▶ [TASK TO CARRY OUT]: Write down the listing again exactly as it appears below, without its pictures.

▶ [SUPPLIED MATERIAL]:
________________
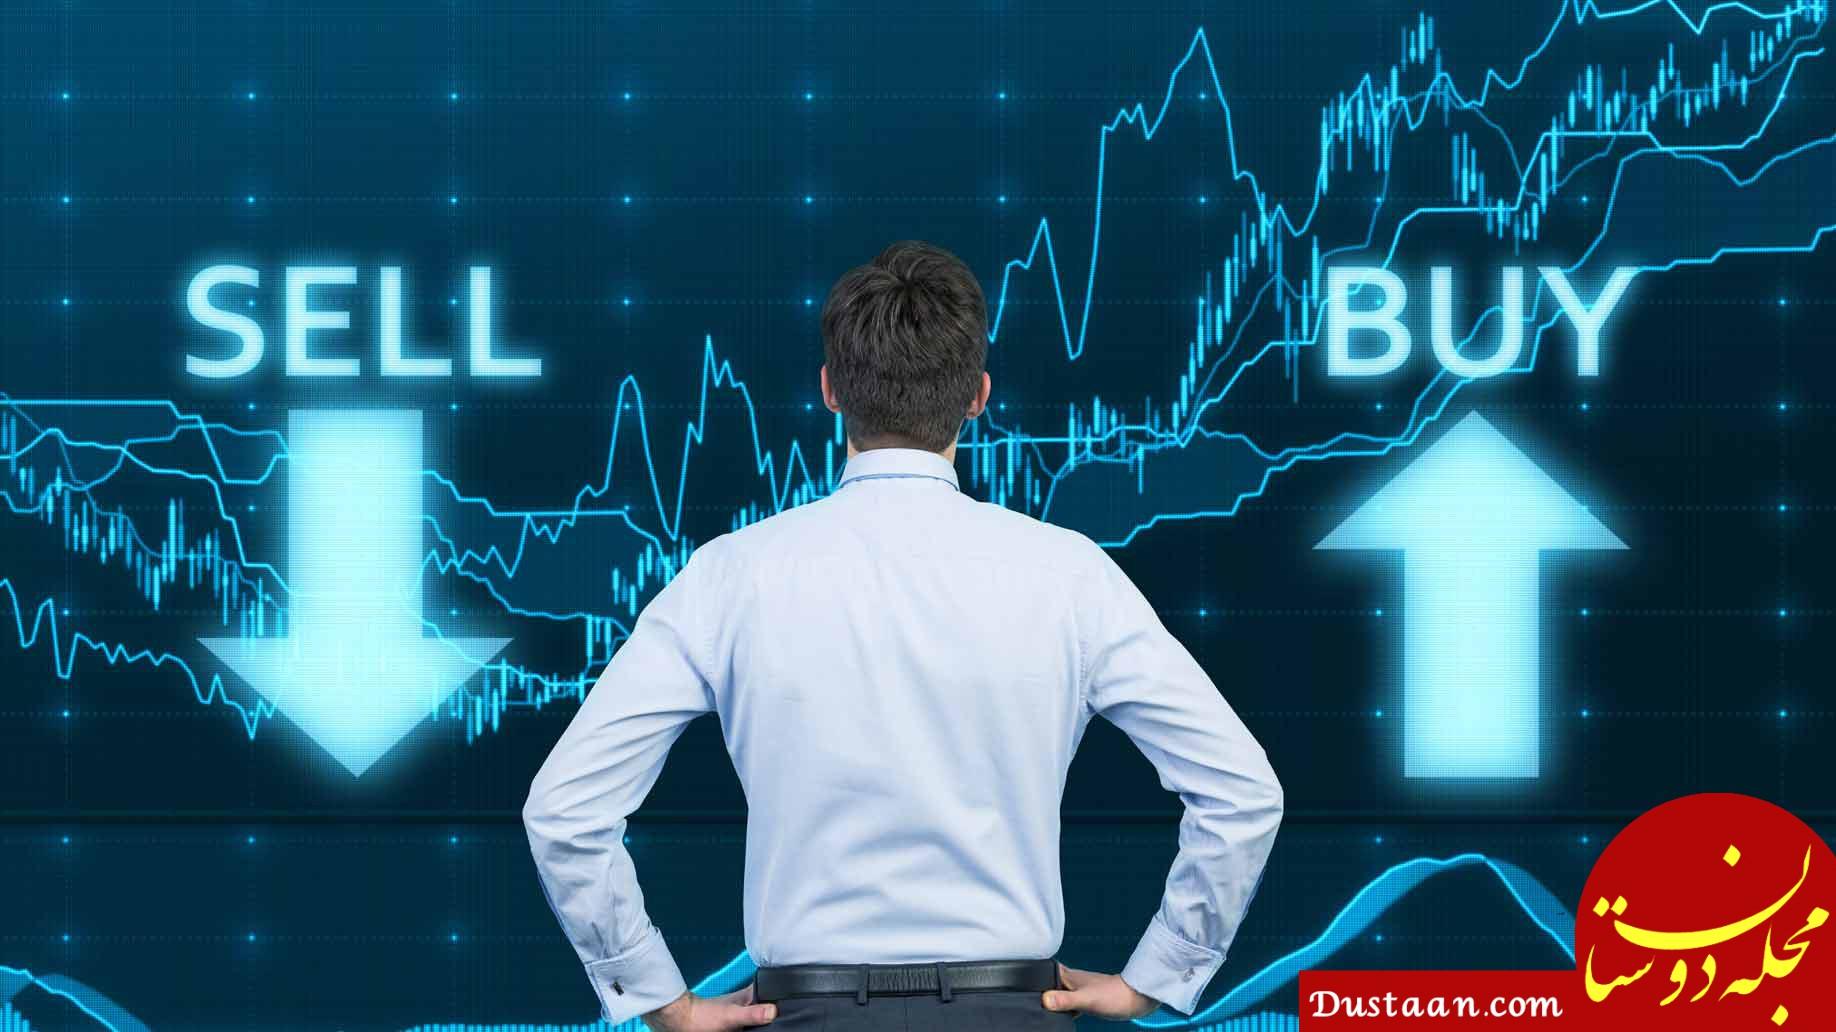 قیمت لحظه ای طلا ، سکه و دلار در بازار / وضعیت بورس امروز
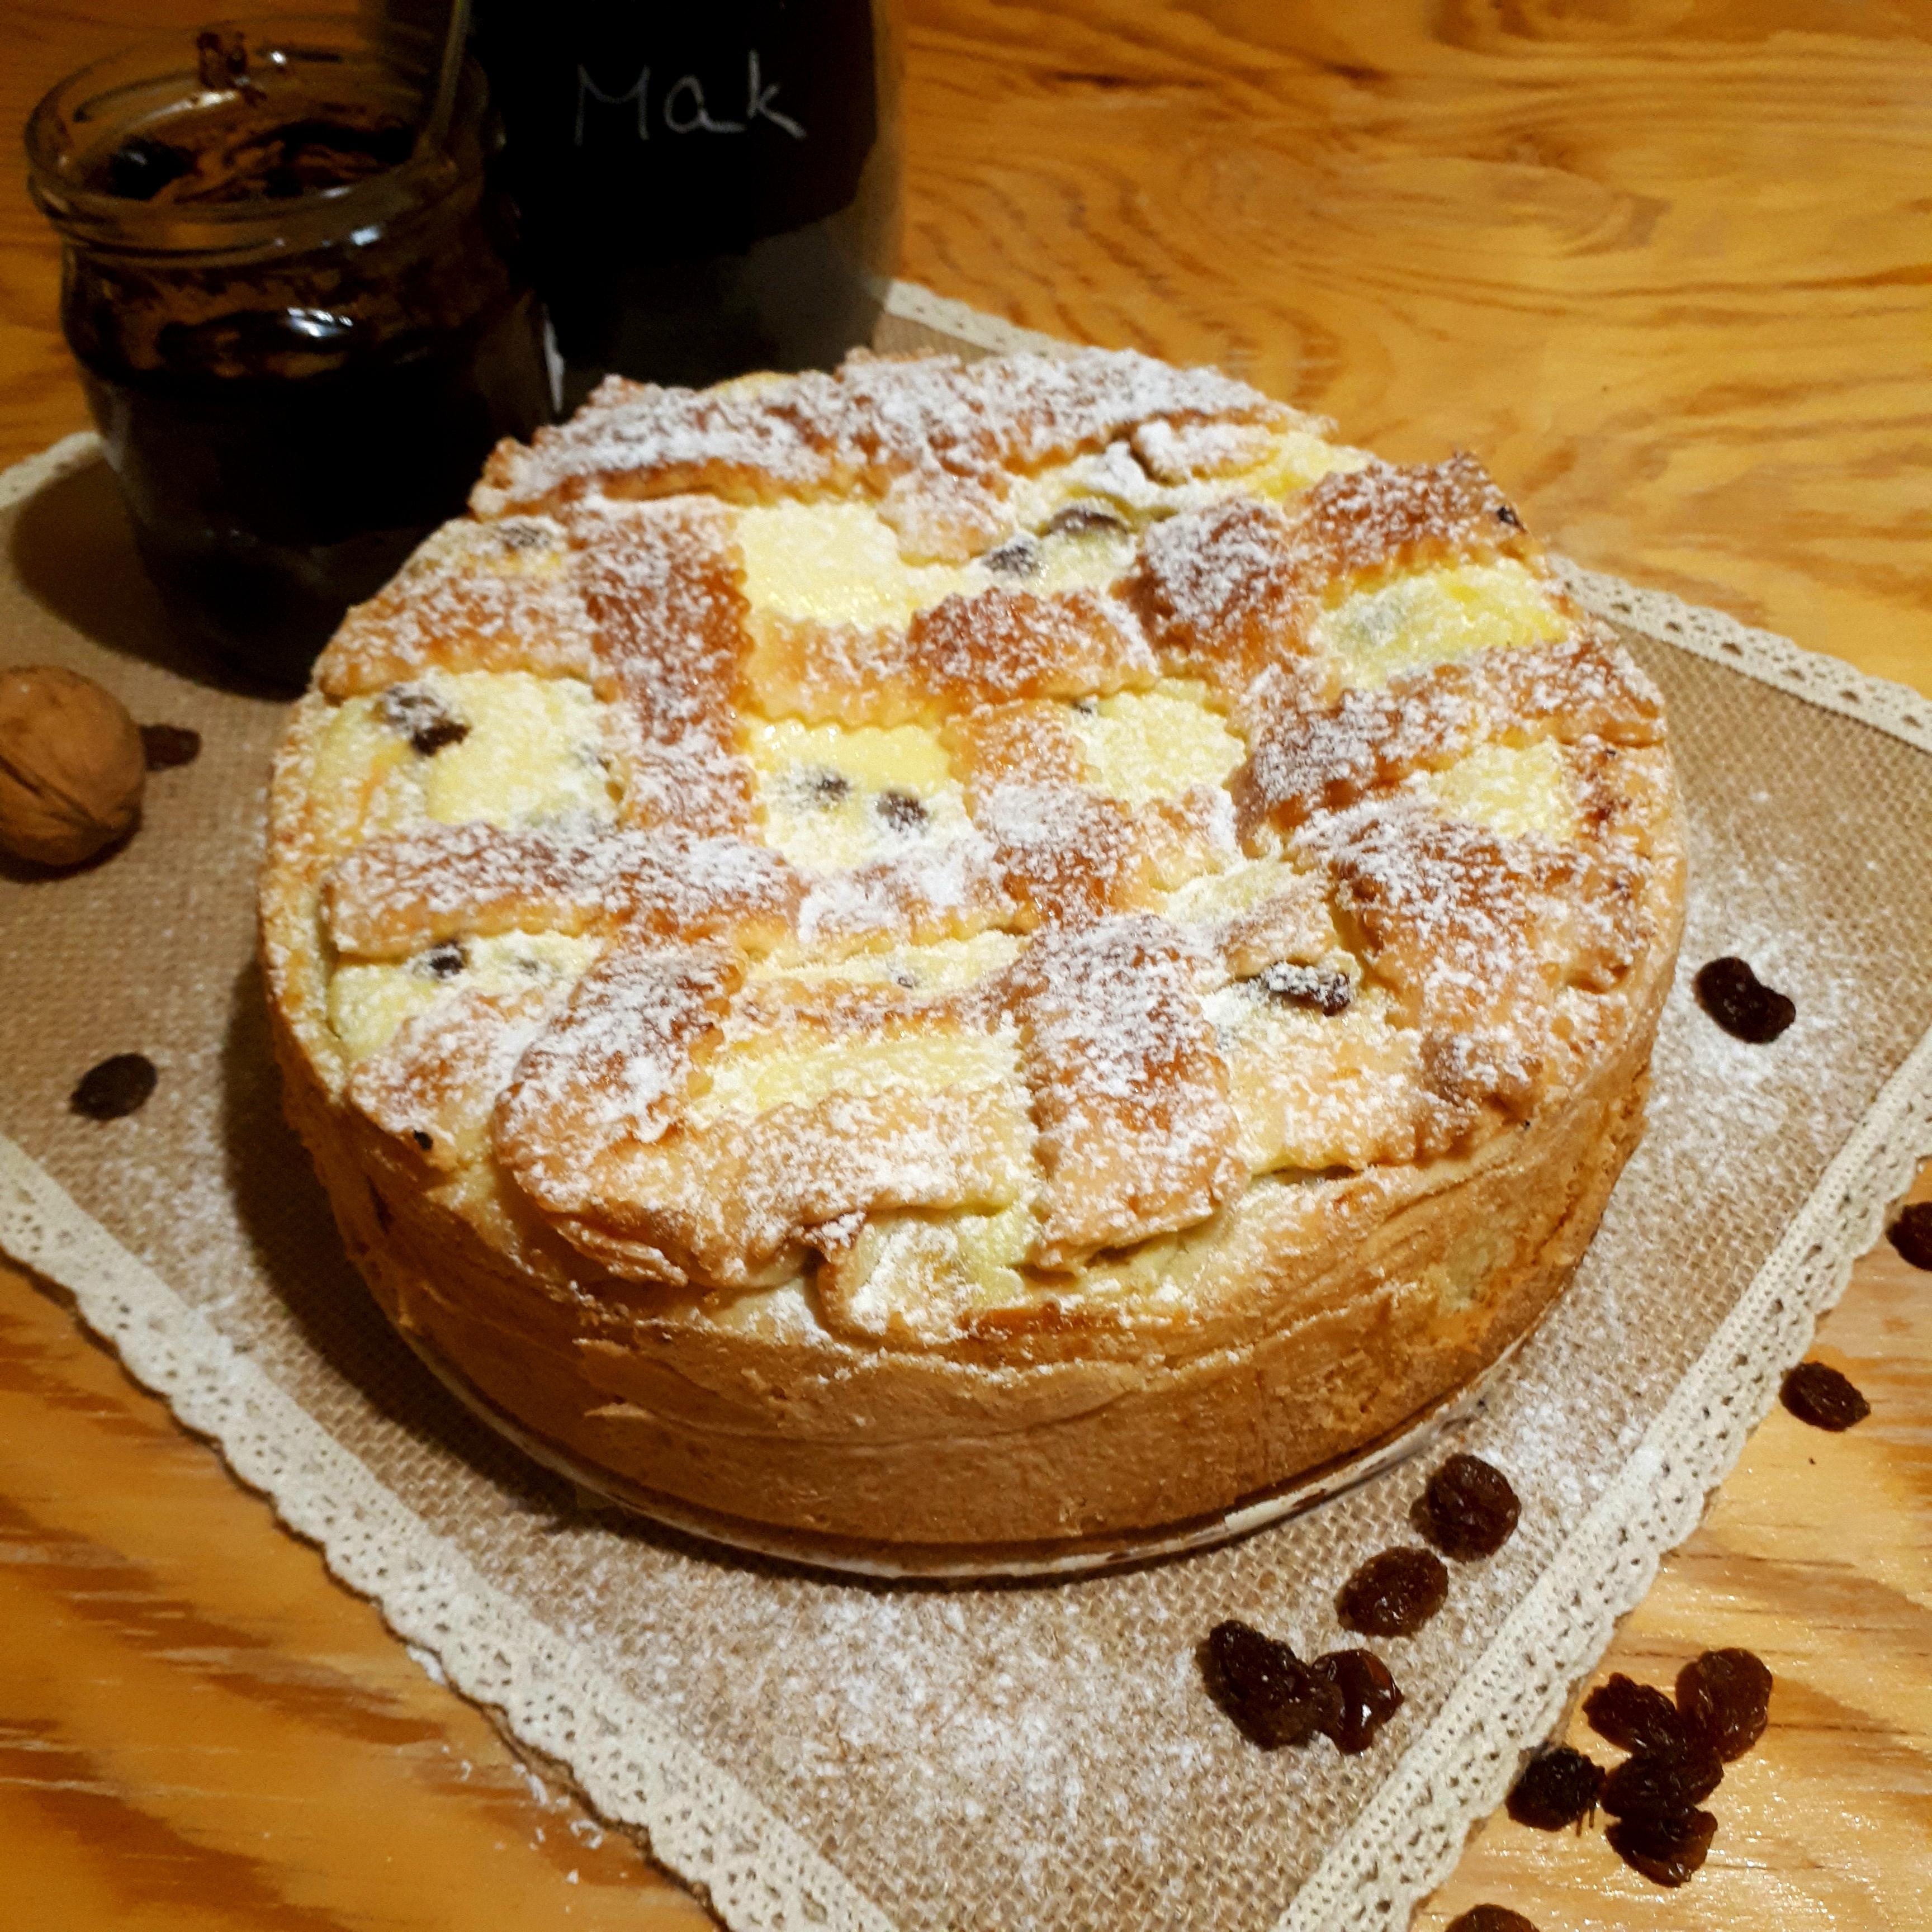 Torta štedrák posypaná práškovým cukrom prírodné filcové prestieranie na drevenom stole okolo hrozienka vlašský orech v pozadí dóza so slivkovým lekvárom a lyžičkou a sklená dóza s makom
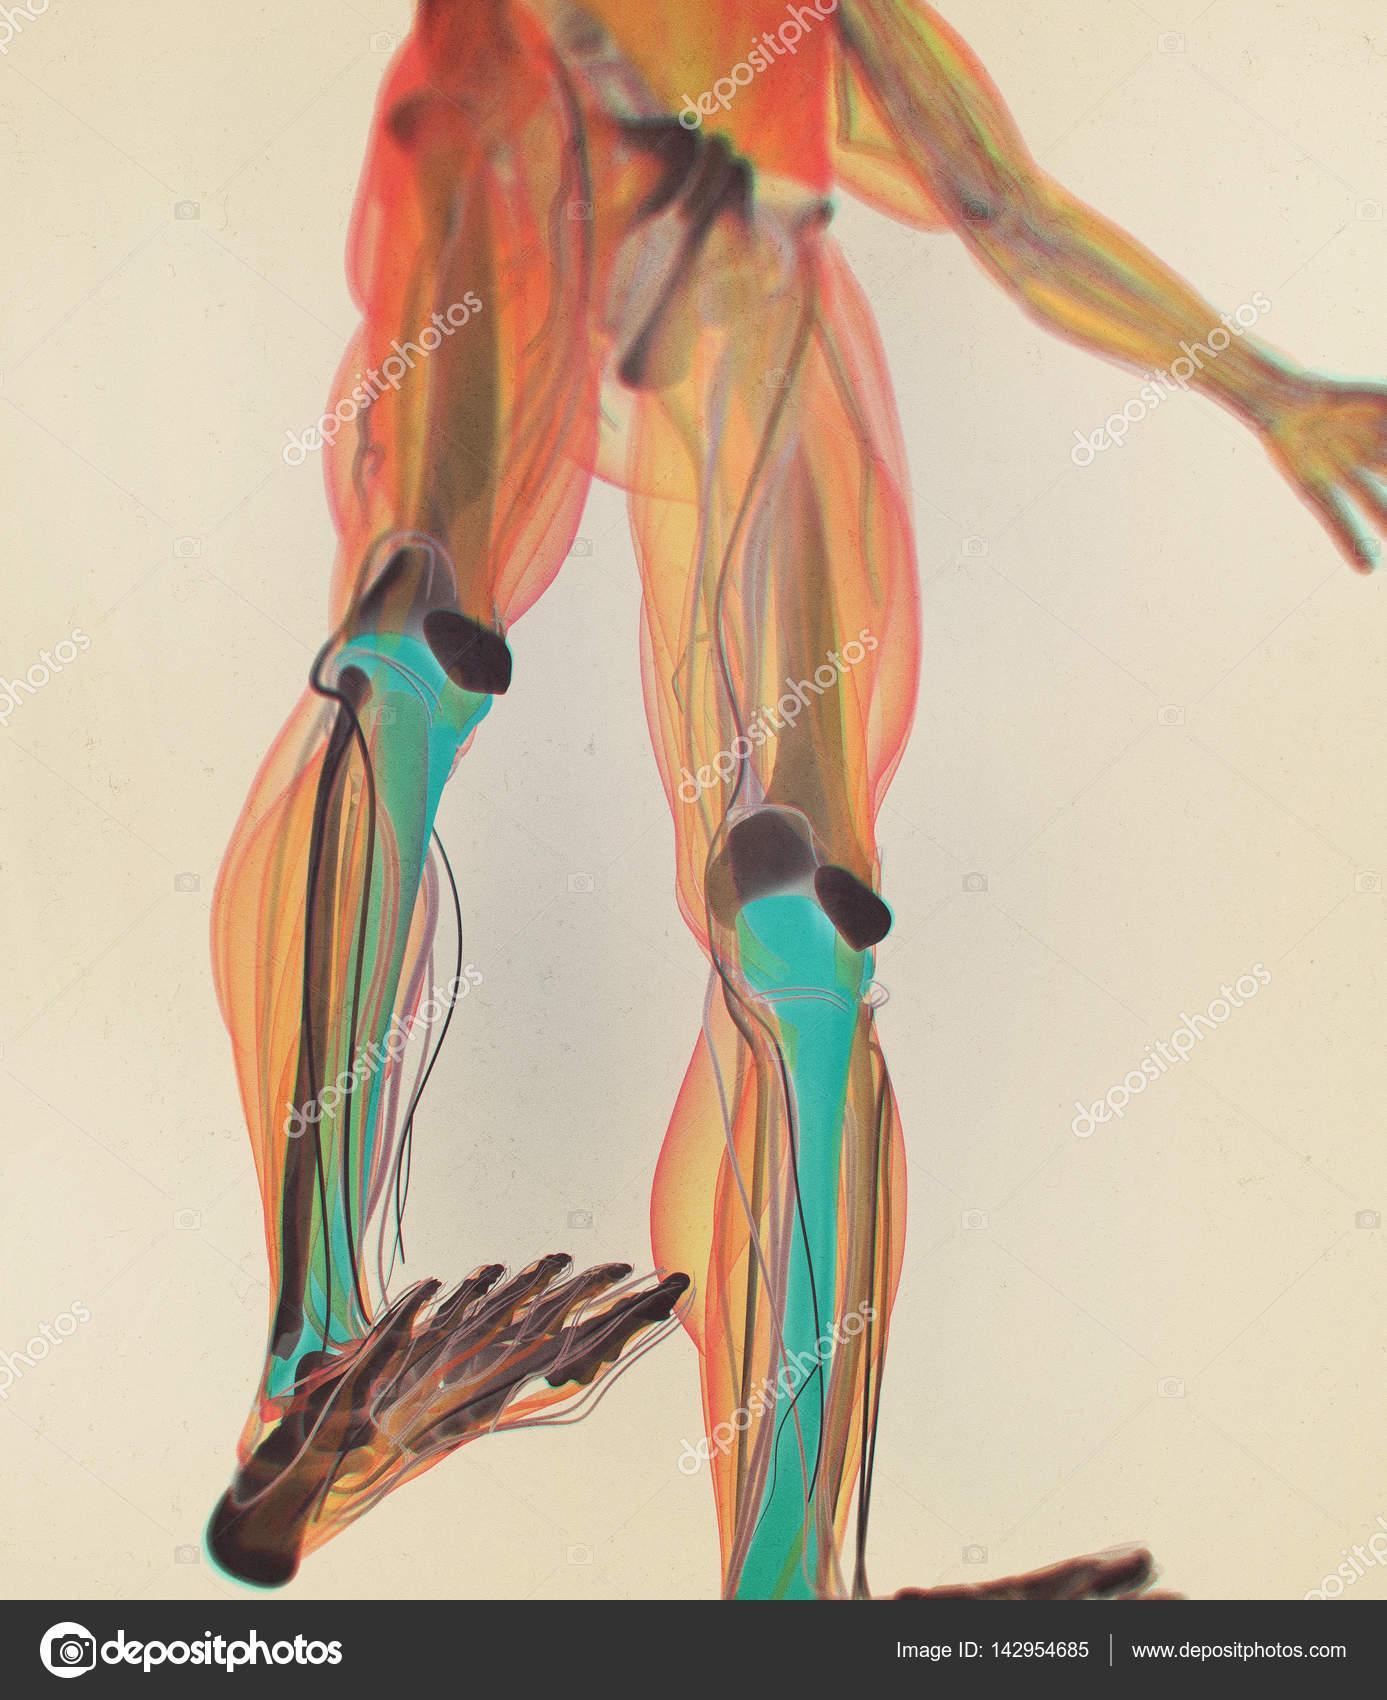 traktierte Anatomie Modell — Stockfoto © AnatomyInsider #142954685
________________
▶ [RESULT FOR THIS TASK]:
 قیمت لحظه ای طلا ، سکه و دلار در بازار / وضعیت بورس امروز
 Torta štedrák posypaná práškovým cukrom prírodné filcové prestieranie na drevenom stole okolo hrozienka vlašský orech v pozadí dóza so slivkovým lekvárom a lyžičkou a sklená dóza s makom
 traktierte Anatomie Modell — Stockfoto © AnatomyInsider #142954685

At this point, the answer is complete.